The Four Golden Signals (Google SRE)

Latency

Time to serve a request. Track p50 (median), p95, and p99. Distinguish between successful and failed requests - a fast 500 error is not a "low latency success."

Traffic

Demand on your system. HTTP requests per second, transactions per second, or messages per second. Helps capacity planning and anomaly detection.

Errors

Rate of failed requests. Explicit errors (HTTP 500s), implicit errors (200 with wrong content), or policy violations (responses slower than SLA).

Saturation

How full is your service? CPU utilization, memory usage, disk I/O, queue depth. Most services degrade gracefully before hitting 100%.

prometheus_metrics.py

# Instrumenting a Flask app with Prometheus metrics
from prometheus_client import (
    Counter, Histogram, Gauge, generate_latest
)
from flask import Flask, request, Response
import time

app = Flask(__name__)

# Define metrics (the Four Golden Signals)

# 1. Traffic - request counter
REQUEST_COUNT = Counter(
    "http_requests_total",
    "Total HTTP requests",
    ["method", "endpoint", "status"]
)

# 2. Latency - response time histogram
REQUEST_LATENCY = Histogram(
    "http_request_duration_seconds",
    "HTTP request duration in seconds",
    ["method", "endpoint"],
    buckets=[.005, .01, .025, .05, .1,
             .25, .5, 1, 2.5, 5, 10]
)

# 3. Errors - tracked via REQUEST_COUNT status label

# 4. Saturation - active requests gauge
IN_PROGRESS = Gauge(
    "http_requests_in_progress",
    "Number of HTTP requests in progress"
)

@app.before_request
def before_request():
    request.start_time = time.time()
    IN_PROGRESS.inc()

@app.after_request
def after_request(response):
    latency = time.time() - request.start_time
    REQUEST_COUNT.labels(
        method=request.method,
        endpoint=request.path,
        status=response.status_code
    ).inc()
    REQUEST_LATENCY.labels(
        method=request.method,
        endpoint=request.path
    ).observe(latency)
    IN_PROGRESS.dec()
    return response

@app.route("/metrics")
def metrics():
    return Response(
        generate_latest(),
        mimetype="text/plain"
    )

Structured Logging

Structured logs are machine-parseable (JSON) instead of free-form text. This enables powerful querying, aggregation, and correlation in log management systems.

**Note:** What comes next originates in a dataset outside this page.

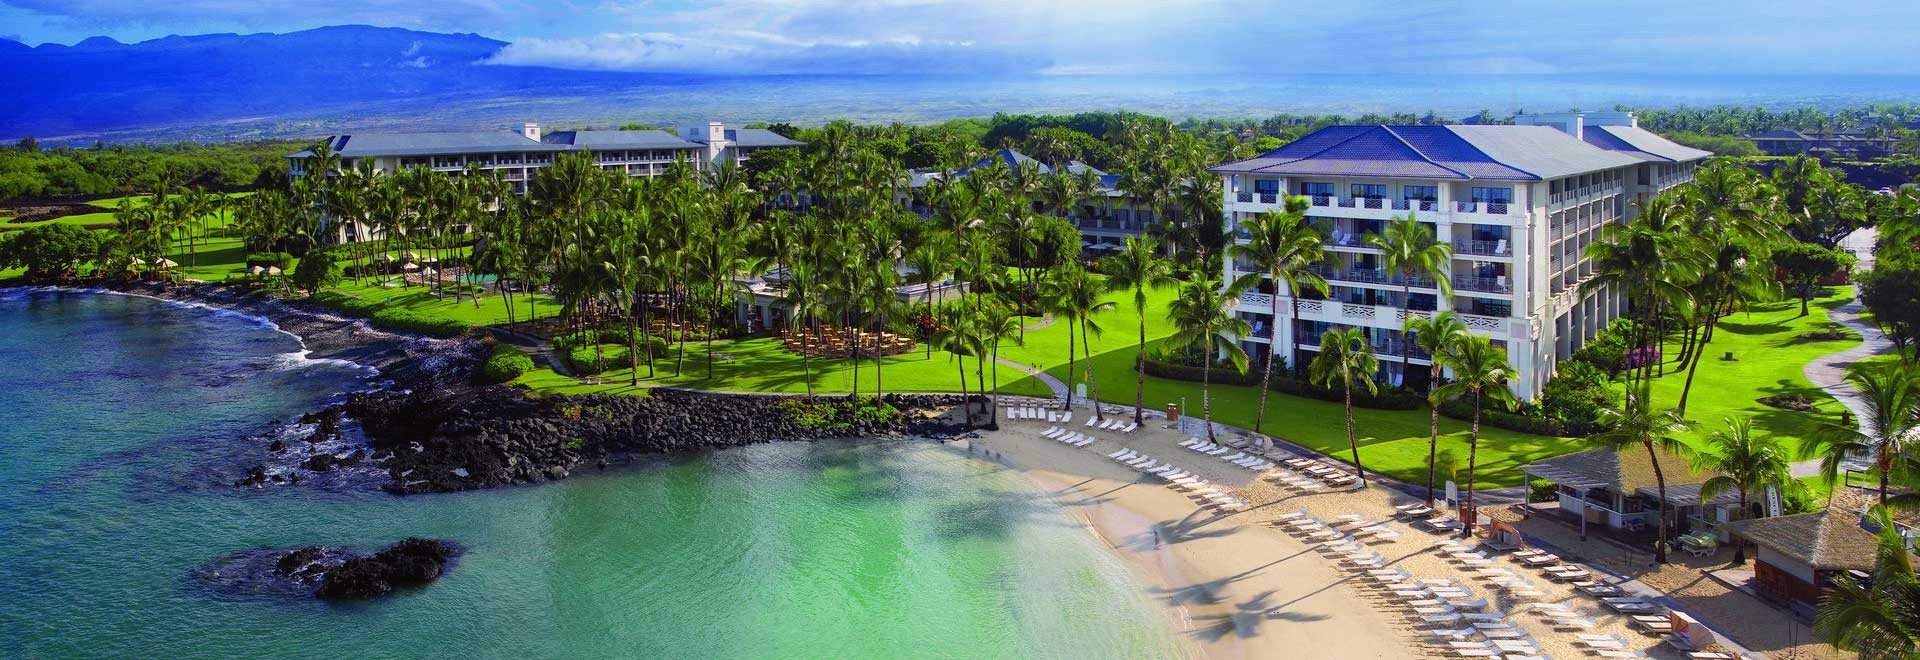 The Fairmont Orchid, Hawaii - Book. Travel. Play.

Aspect	Unstructured	Structured (JSON)
Format	`2024-01-15 ERROR Payment failed for user 42`	`{"time":"...","level":"error","user_id":42,"msg":"Payment failed"}`
Searchability	Regex-based, fragile	Field-based queries: `user_id=42 AND level=error`
Aggregation	Hard to group or count	Easy: count errors by service, endpoint, user
Correlation	Manual text matching	Join on trace_id, request_id fields

structured_logging.py

# Structured logging with Python's structlog
import structlog
import logging
import uuid

# Configure structured logging
structlog.configure(
    processors=[
        structlog.processors.TimeStamper(fmt="iso"),
        structlog.processors.add_log_level,
        structlog.processors.StackInfoRenderer(),
        structlog.processors.JSONRenderer()
    ],
    wrapper_class=structlog.BoundLogger,
    logger_factory=structlog.PrintLoggerFactory(),
)

def create_request_logger(request):
    """Create a logger bound with request context."""
    return structlog.get_logger().bind(
        request_id=str(uuid.uuid4()),
        trace_id=request.headers.get("X-Trace-ID", "unknown"),
        user_id=request.user_id,
        service="payment-service",
        endpoint=request.path,
    )

# Usage in a request handler
def process_payment(request):
    log = create_request_logger(request)

    log.info("payment_started",
             amount=request.amount,
             currency=request.currency)

    try:
        result = charge_card(request.card_token, request.amount)
        log.info("payment_succeeded",
                 transaction_id=result.id,
                 amount=request.amount,
                 latency_ms=result.latency_ms)
        return result
    except PaymentDeclinedError as e:
        log.warning("payment_declined",
                    reason=e.reason,
                    card_last4=request.card_last4)
        raise
    except Exception as e:
        log.error("payment_error",
                  error_type=type(e).__name__,
                  error_msg=str(e),
                  exc_info=True)
        raise

# Output (one JSON line per log entry):
# {"timestamp":"2024-01-15T10:30:00Z","level":"info",
#  "event":"payment_started","request_id":"abc-123",
#  "trace_id":"trace-456","user_id":42,
#  "service":"payment-service","amount":29.99}

Distributed Tracing

In a microservices architecture, a single user request might touch 5-10 services. Distributed tracing follows the entire journey of a request, showing exactly which service is slow and why.

Key Tracing Concepts

Trace: The complete journey of a request through the system (one trace per user request)
Span: A single unit of work within a trace (one span per service call, DB query, etc.)
Trace ID: Unique identifier propagated across all services for correlation
Parent Span ID: Links child spans to their parent, forming a tree
Baggage: Key-value pairs propagated through the entire trace (e.g., user tier, region)

Distributed Trace: Order Checkout Flow

Alerting Best Practices

Principle	Good	Bad
Alert on symptoms	"Error rate > 1% for 5 minutes"	"CPU > 80%"
Include context	Alert with runbook link, dashboard URL, recent deploys	"Something is wrong"
Avoid alert fatigue	Page only for customer-impacting issues	Page for every minor anomaly
Use severity levels	P1 (page), P2 (ticket), P3 (dashboard)	Everything is P1
Burn rate alerts	"Consuming error budget 10x faster than expected"	"Single error occurred"

SLIs, SLOs, and SLAs

SLI (Service Level Indicator): A metric that measures service quality (e.g., "99.2% of requests complete in under 200ms")
SLO (Service Level Objective): The target value for an SLI (e.g., "99.9% availability per month")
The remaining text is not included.